Carrying out, for instance, a sandwich reaction for the detection of HCV in a test sample the test kit to be used comprises a monoclonal antibody according to the invention coated on a solid support, for example the inner wall of a microtest well, and either a labelled monoclonal antibody or fragment thereof as conjugate.

A further example of an immuno assay that can be used for the detection of HCV is a inhibition assay using human monoclonal antibodies as labelled reagent. The binding of this reagent to antigen on a solid phase can be competed by antibodies in the test sample. As already mentioned monoclonal antibodies according to the invention are very suitable in diagnosis, while those antibodies which are neutralizing are very useful in passive immunotherapy.

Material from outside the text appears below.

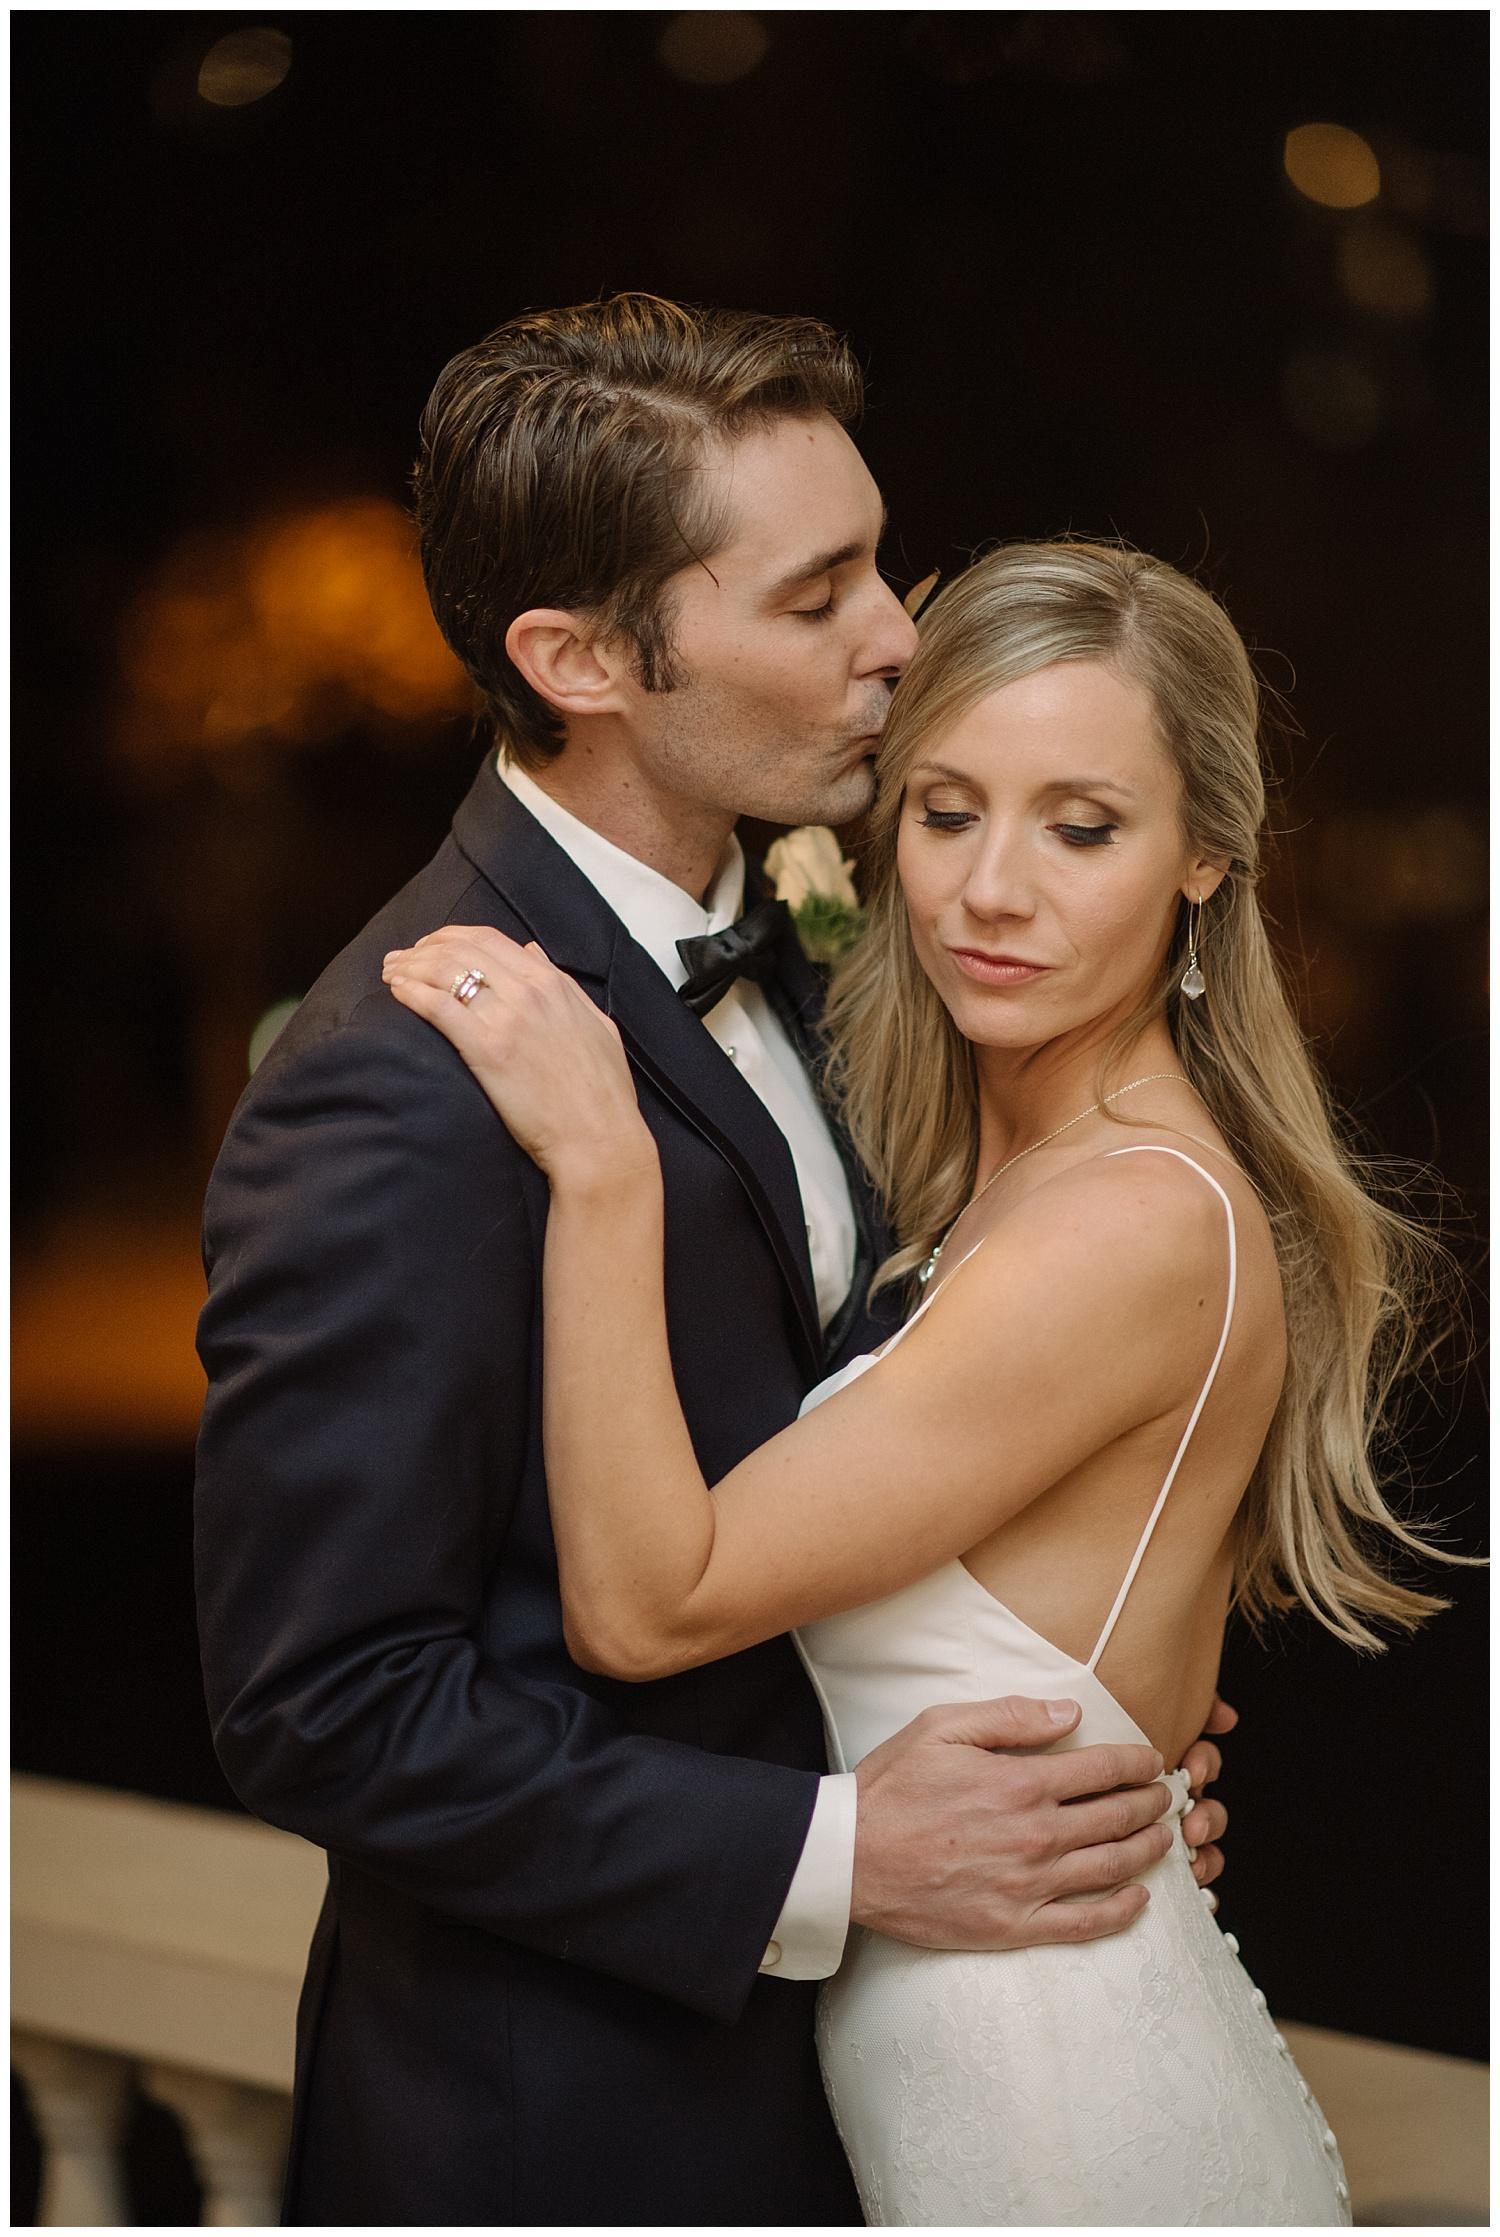 Denver_Wedding_Photographer_Grant_Humphreys_Mansion_Classic_Weddings_Photography_Urban_Romantic_025.jpg

Part of the present invention is also a method for the detection of antibodies directed against a HCV specific epitope of the NS-3 protein of the Hepatitis C virus in a test-fluid, wherein a peptide according to the invention, comprising the amino acid sequence selected from the group of sequences depicted in SEQ.ID. 6-10, and combinations thereof or fragments of said group of sequences or analogues of said group of sequences which are immunochemically reactive with HCV antibodies, is brought into contact with the test fluid and the presence of immune complexes formed between the peptide and the antibodies in the test fluid is detected.

With this method according to the invention the need for a PCR test to detect whether C33- only sera are actually infected is no longer necessary. With the present invention a simple and accurate method for the detection of antibodies directed against a HCV specific epitope of the NS-3 protein is provided.

Antibodies directed against a HCV specific epitope of the NS-3 protein can be detected in different ways. Using an antibody as described in our co-pending application and a peptide comprising the amino acid sequence selected from the group of sequences depicted in SEQ.ID. 6-10, and combinations thereof or fragments of said group of sequences or analogues of said group of sequences which are immunochemically reactive with HCV antibodies, an inhibition or competition test may also be designed. Part of the present invention is therefore also a method for the detection of antibodies directed against a HCV specific epitope of the NS-3 protein of the Hepatitis C virus in a test-fluid, wherein a peptide according to the invention, comprising the amino acid sequence selected from the group of sequences depicted in SEQ.ID. 6-10, and combinations thereof or fragments of said group of sequences or analogues of said group of sequences which are immunochemically reactive with HCV antibodies, coated on a suitable support, is brought into contact with the test fluid and with an antibody according to the invention, provided with a label and any label bound to the solid phase is detected.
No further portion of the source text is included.